Returns: SnowballResult containing discovered papers (seeds in seed_papers, BFS-discovered papers in papers).


Models

Paper

Represents an academic paper.

from findpapers import Paper

Constructor

Paper(
    title: str,
    abstract: str,
    authors: list[Author],
    source: Source | None,
    publication_date: datetime.date | None,
    url: str | None = None,
    pdf_url: str | None = None,
    doi: str | None = None,
    citations: int | None = None,
    keywords: set[str] | None = None,
    comments: str | None = None,
    page_count: int | None = None,
    page_range: str | None = None,
    found_in: set[str] | None = None,
    paper_type: PaperType | None = None,
    fields_of_study: set[str] | None = None,
    subjects: set[str] | None = None,
    language: str | None = None,
    is_open_access: bool | None = None,
    is_retracted: bool | None = None,
    funders: set[str] | None = None,
    references: list[str] | None = None,
    cited_by: list[str] | None = None,
)

Attributes

Attribute Type Description
title str Paper title.
abstract str Paper abstract.
authors list[Author] List of authors.
source Source | None Publication venue (journal, conference, etc.).
publication_date datetime.date | None Publication date.
url str | None Landing page URL.
pdf_url str | None Direct PDF URL.
doi str | None Digital Object Identifier.
citations int | None Citation count.
keywords set[str] Research keywords.
comments str | None Additional comments.
page_count int | None Total number of pages.
page_range str | None Page range (e.g., "223-230").
found_in set[str] Databases where this paper was found. Values are Database enum strings (e.g. "arxiv", "pubmed"). Populated by search(), get(), and snowball().
paper_type PaperType | None BibTeX-aligned classification.
fields_of_study set[str] Broad knowledge areas.
subjects set[str] Disciplinary classifications.
language str | None ISO 639-1 two-letter language code (e.g. "en", "pt").
is_open_access bool | None True when the paper is freely available online, False when behind a paywall, None when unknown.
is_retracted bool | None True when the paper was retracted, False when known not to be retracted, None when unknown.
funders set[str] Funding organisations.
references list[str] DOIs of papers cited by this paper (backward references). Populated during snowballing and enrichment. Empty list when unknown.
cited_by list[str] DOIs of papers that cite this paper (forward references). Populated during snowballing and get() lookups via OpenAlex and Semantic Scholar. Empty list when unknown.

Methods

Method Returns Description
add_database(database_name: str) None Register a database where this paper was found.
merge(paper: Paper) None Merge another paper instance into this one, filling missing fields.
to_dict() dict[str, Any] Serialize to a dictionary (suitable for JSON).
from_dict(paper_dict: dict) Paper Class method. Create a Paper from a dictionary.

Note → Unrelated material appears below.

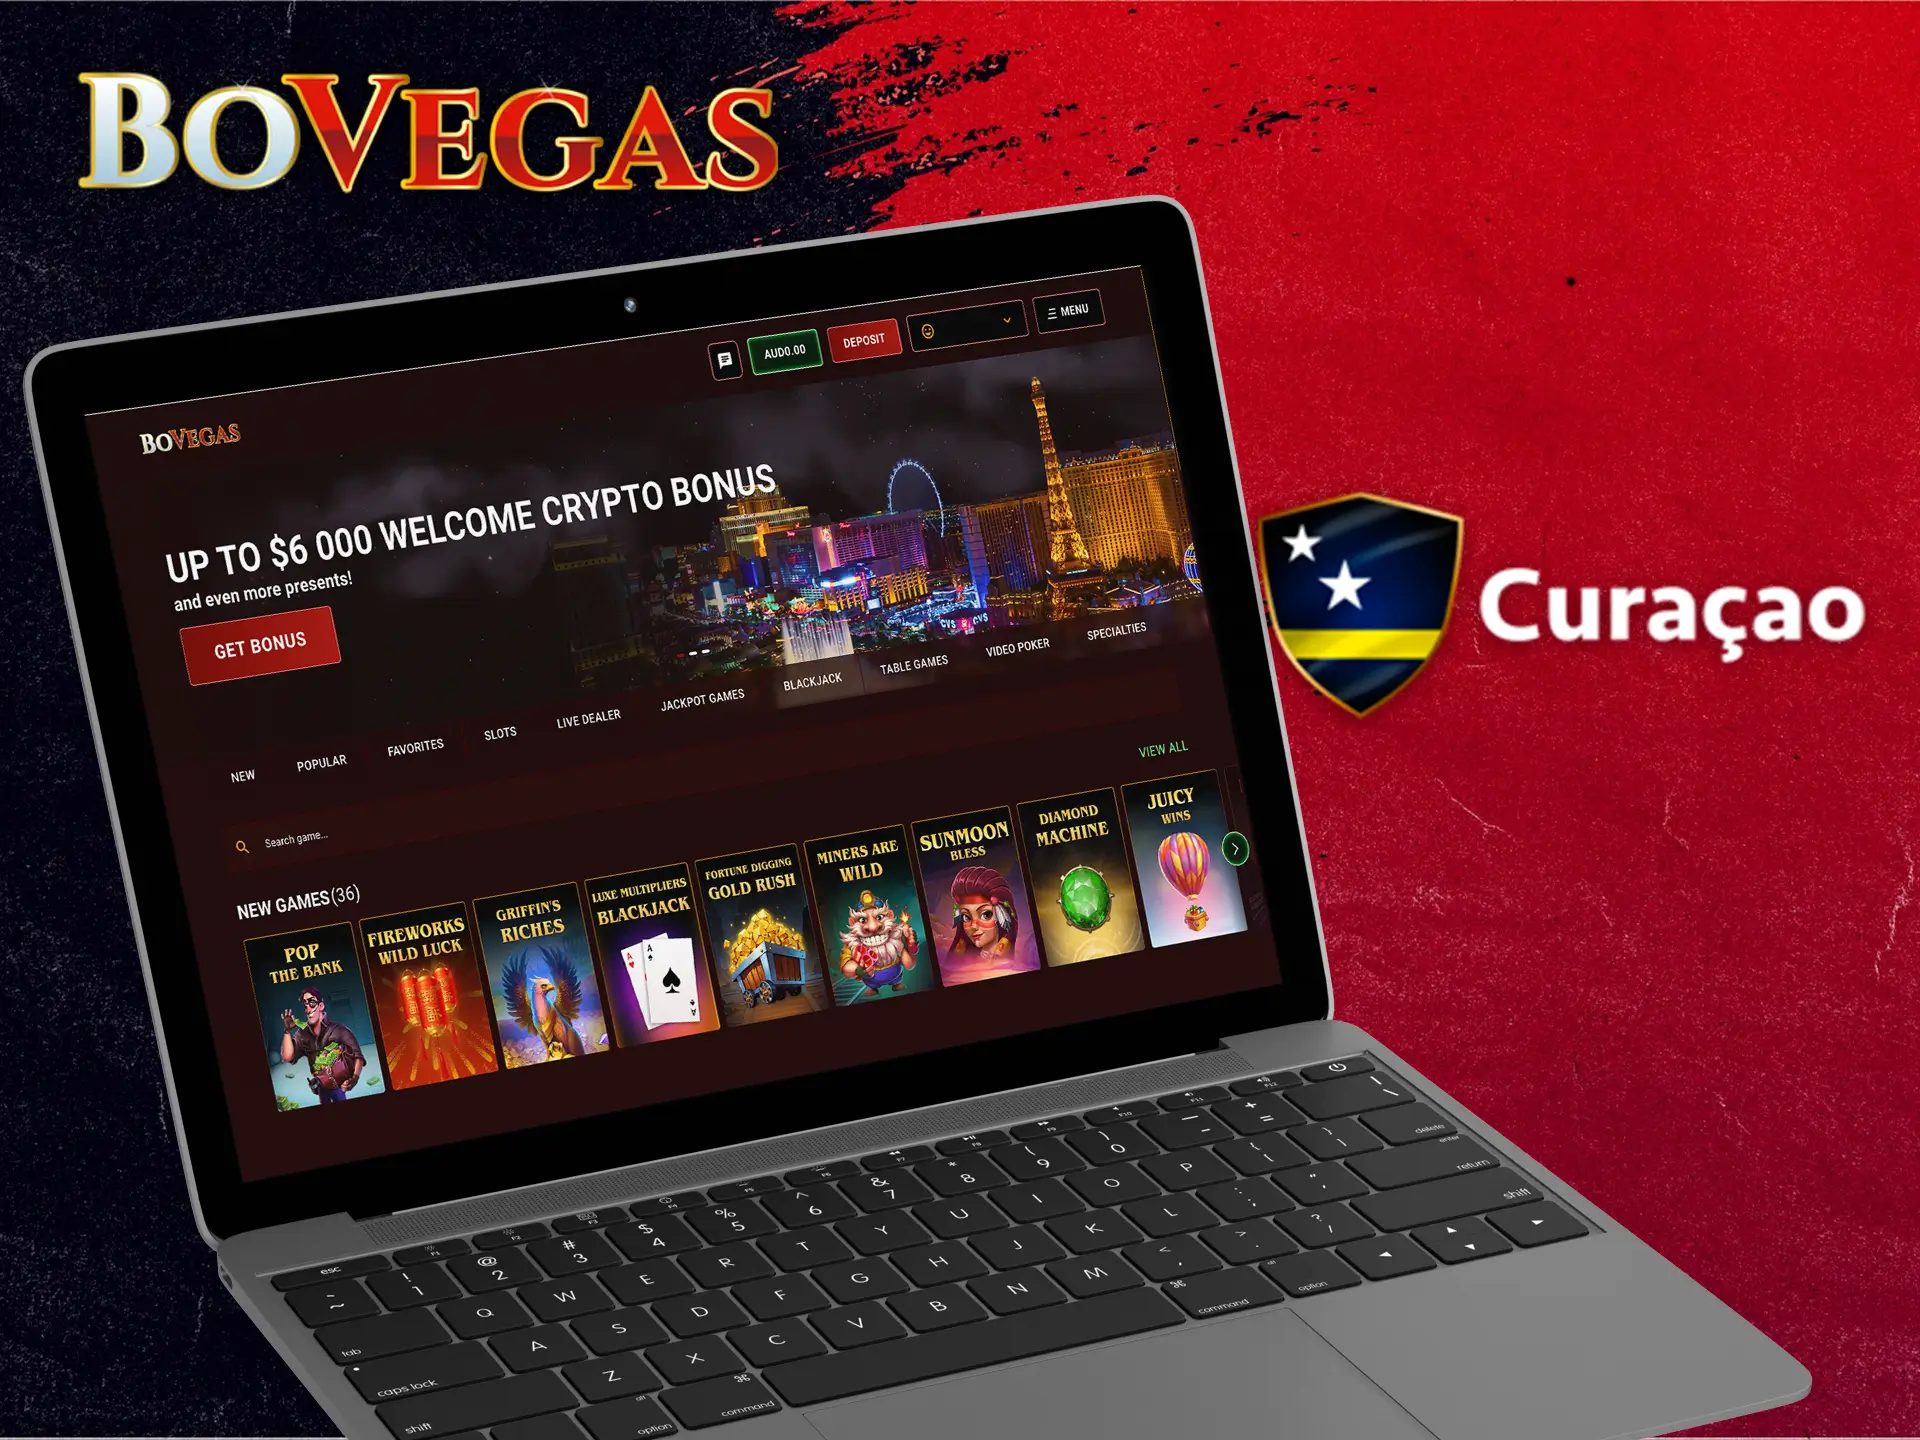 BoVegas is a completely legitimate casino in Australia and holds a Curacao License.

Two papers are considered equal if they share the same DOI (case-insensitive) or, when DOI is absent, the same title.


PaperType

Enum for BibTeX-aligned paper type classifications.

from findpapers import PaperType
Member Value Description
ARTICLE "article" Journal article.
INPROCEEDINGS "inproceedings" Conference paper.
INBOOK "inbook" Book chapter.
INCOLLECTION "incollection" Part of an edited book.
BOOK "book" Complete book.
PHDTHESIS "phdthesis" PhD thesis.
MASTERSTHESIS "mastersthesis" Master's thesis.
TECHREPORT "techreport" Technical report.
UNPUBLISHED "unpublished" Preprints and unpublished work.
MISC "misc" Miscellaneous.

Database

Enum of supported academic database identifiers. Values are the canonical string identifiers used in Paper.found_in, SearchResult.databases, and the databases parameter of search() and get().

from findpapers import Database
Member Value Description
ARXIV "arxiv" arXiv preprint server.
CROSSREF "crossref" CrossRef DOI registration authority.
IEEE "ieee" IEEE Xplore digital library.
OPENALEX "openalex" OpenAlex open scholarly graph.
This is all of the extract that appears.